Выбрать главу

— Как себя чувствуете? — спросила она тихо, чтоб не потревожить тех двух, лежавших неподвижно.

— Хорошо, ух как хорошо, и аппетит, сестрица, большой аппетит.

— И прекрасно. Только очень долго не сидите.

— Мы не долго. Мы только вот третью доиграем.

В женской палате стояли также четыре койки, но занята была сейчас только одна, ибо три других женщины настолько уже поправились, что им было разрешено сидеть на террасе в больших тулупах, закутав ноги в одеяла.

Девочка, лежавшая на койке, была так худа и бледна, что казалось, стоит тронуть ей голову, и голова отломится, как цветочек на иссохшем стебельке. Шейка у девочки была в самом деле похожа на длинный тонкий стебель, неестественно тонкий по сравнению с головой и плечами. Девочка тяжело дышала и от времени до времени шевелила бескровными губами, словно звала кого-то.
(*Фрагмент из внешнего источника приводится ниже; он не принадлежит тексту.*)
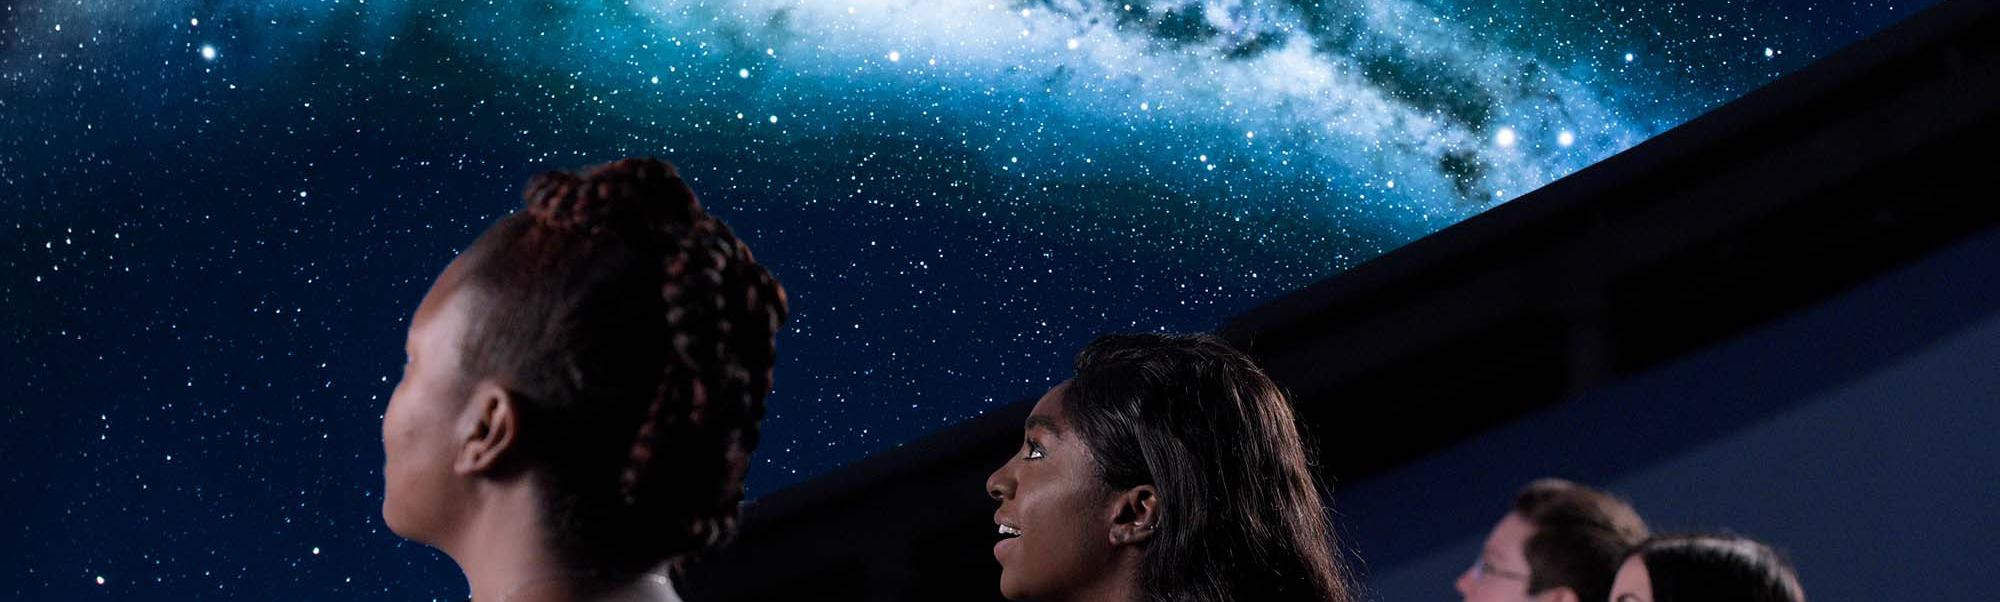 Close up image of four people shown from a back/side profile as they look up to watch a projection of the Milky Way in a planetarium dome
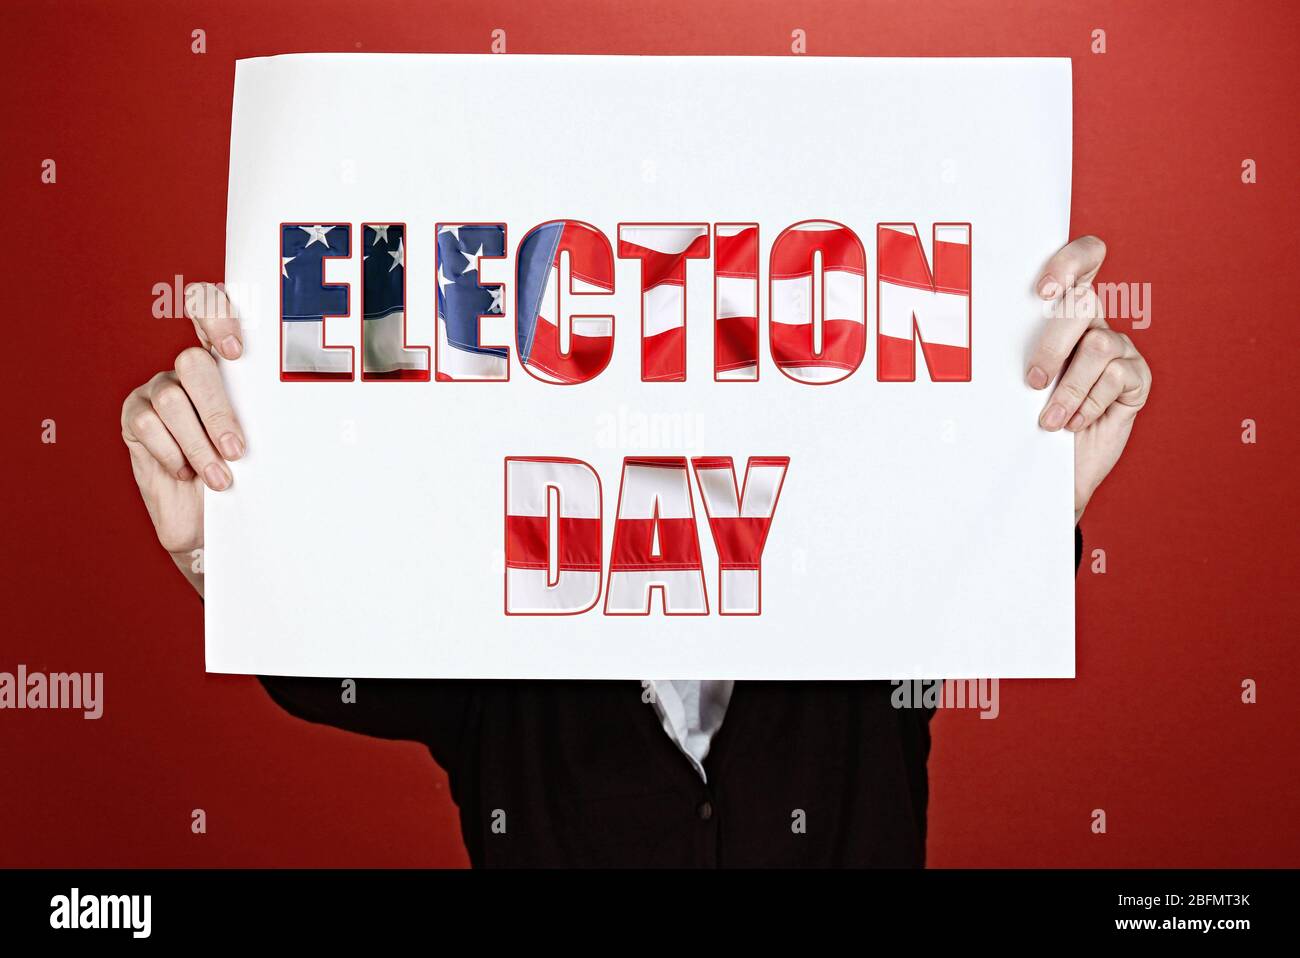 Woman holding paper with Election Day text on red background Stock Photo

Возле койки сидела старая нянька в очках и читала книжку.

— Ну, как? — вполголоса спросила фельдшерица.

— Ничего, — так же тихо отвечала старушка — стала куда тише.

Фельдшерица взяла тоненькую ручку девочки и пощупала пульс.

— Пульс хороший.

— Выправится.

— А вчера ей было все-таки очень плохо. Я, признаться, стала бояться.

В это время девочка открыла глаза, удивленно посмотрела на стену, озаренную солнцем, и на Татьяну Петровну.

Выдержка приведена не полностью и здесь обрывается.